Por Maristela Zamoner
Há alguns séculos a fragmentação do
conhecimento humano não era tão clara e proposital quanto agora. Os
intelectuais formavam-se pela influência concomitante de várias áreas dos
saberes humanos. Hoje um pesquisador das Ciências Exatas ou Naturais que flerte
acintosamente com a arte, ou declaradamente afeito aos sabores dos bailes, pode
não ser muito bem visto em certos redutos que costuram o conhecimento a formalidades
e corporativismos. Curiosamente, nestes mesmos bancos tenta-se desajeitadamente
a interconexão de conteúdos com esforços quase artificiais que me trazem à
mente palavras como interdisciplinaridade ou transdisciplinaridade. Mas no
passado um cientista útil era capaz de fazer diferentes áreas dialogarem com
uma naturalidade que agora pouco se entende.
Quem tiver paciência para ler o Diário do
Beagle, de Charles Darwin, por exemplo, vai perceber um naturalista de
sensibilidade e conhecimento desamarrado que extrapolava em muito o âmbito da
História Natural. Darwin começava sua segunda década de vida mostrando na
redação um deslumbre de dar inveja a muitos poetas maduros da contemporaneidade.
Citava lugares, autores, referências de arte e artistas dos mais variados. Ele foi
um daqueles pensadores com capacidade de entender a vida pela inteligência da
articulação de saberes. Possuía olhares mais imaginativos e apaixonados que os
de um enlaçado acadêmico que ora se considera vivo, mas suas habilidades mais
valorizadas não têm compromisso com o novo. A essência atrevida, que é o amalgama
da arte, estava autorizada para a Ciência...

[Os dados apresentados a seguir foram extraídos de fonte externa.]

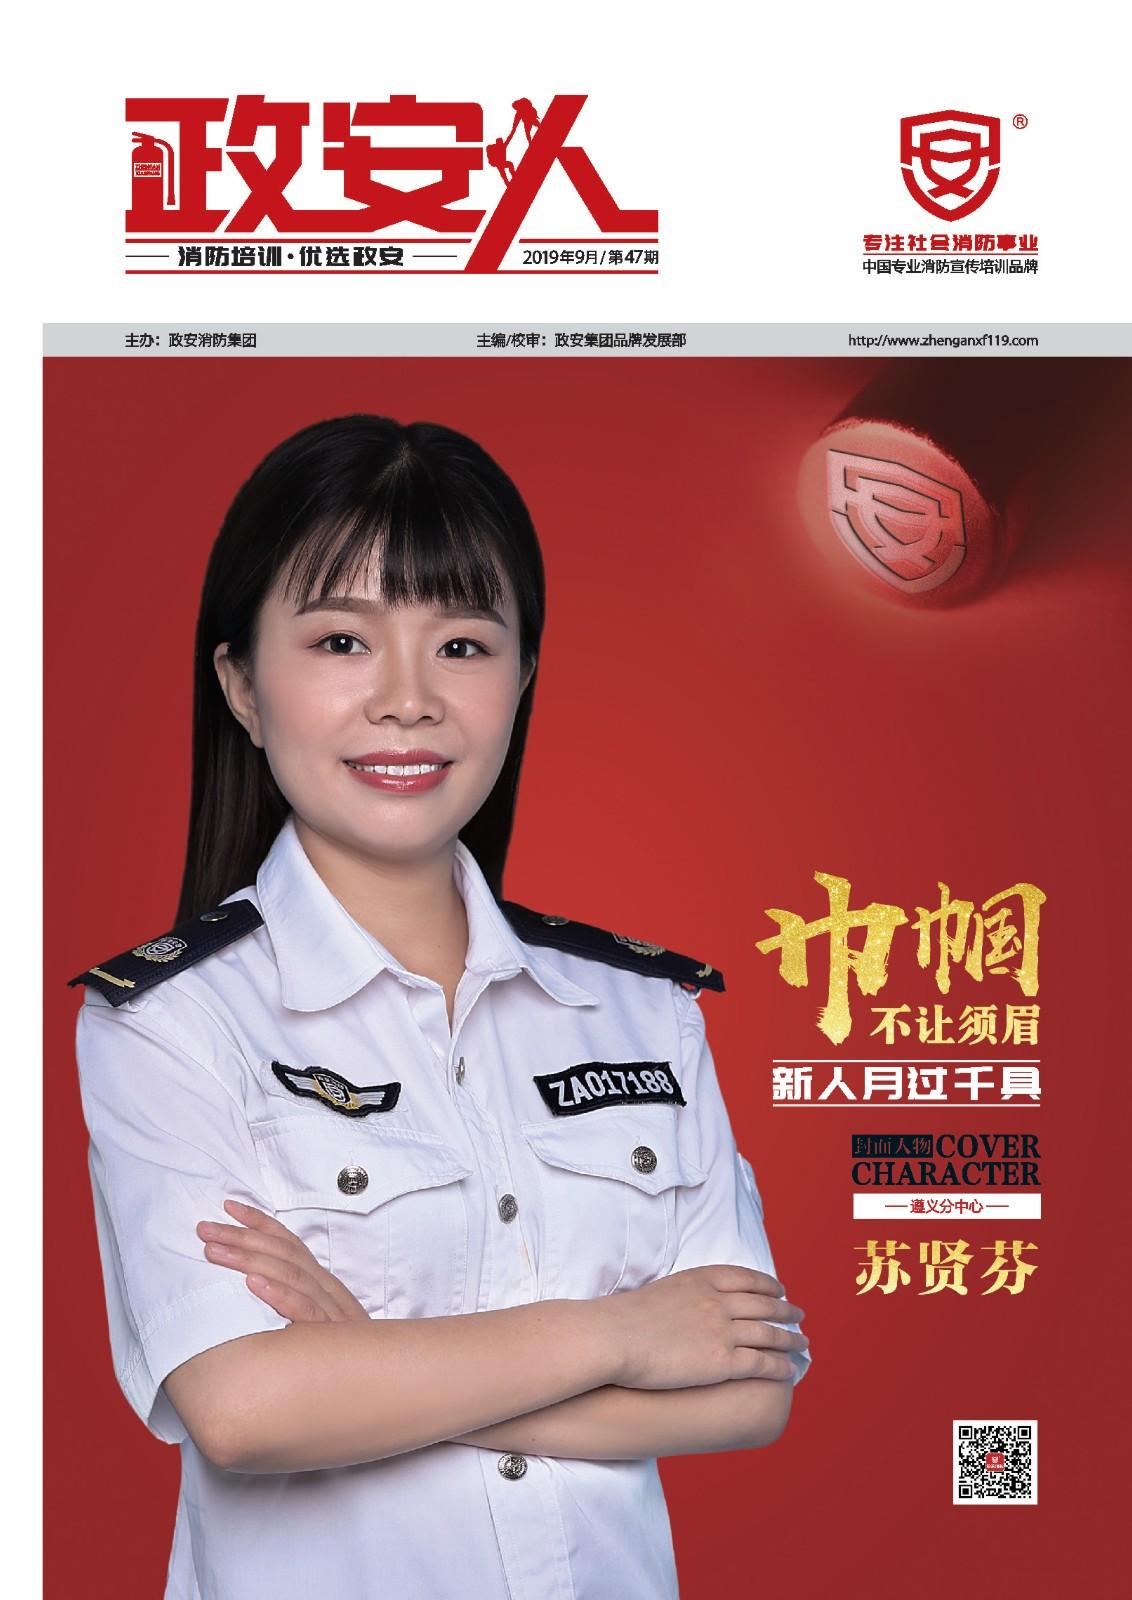 《政安人》2019年9月刊

E foi em visita à América do Sul, durante a
viagem que inspirou e fundamentou a grande obra A Origem das Espécies, publicada em 1859, que Charles Darwin registrou
suas frequências ao teatro, para um baile num dia e para ouvir a ópera da Cenerentola, de Rossini, no dia seguinte.
O jovem de 23 anos visitava Montevidéu, cidade que para ele tinha um ar de
“grande riqueza e ocupação”. Todo o conteúdo que consta em seu diário de
naturalista no dia 23 de novembro de 1832 deteve-se a sua impressão sobre aquele
baile:
23. À noite houve um grandioso baile que se ofereceu com a
finalidade de celebrar o restabelecimento do presidente. Era uma cena muito
mais alegre do que teria podido pensar que este lugar conseguisse gerar. O
desejo que têm os habitantes de surgirem esplendidamente vestidos nessas
ocasiões é excessivo. E, para realiza-lo, as senhoras não pouparão sacrifícios.
A música era em compasso muito lento e dançante e, embora muito formal, possuía
muita graciosidade.
O baile ocorreu no teatro. Nada me surpreendeu tanto quanto
a distribuição da casa: todas as partes que não estavam efetivamente ocupadas
pelos dançarinos estavam abertas às mais baixas classes da sociedade, de modo
que todas as passagens para os camarotes, os fundos da plateia, estavam
preenchidas por quaisquer pessoas que quisessem espiar. E ninguém jamais
pareceu sequer conceber a possibilidade de uma conduta inadequada por parte
deles. Como são diferentes os hábitos dos ingleses em noites de gala!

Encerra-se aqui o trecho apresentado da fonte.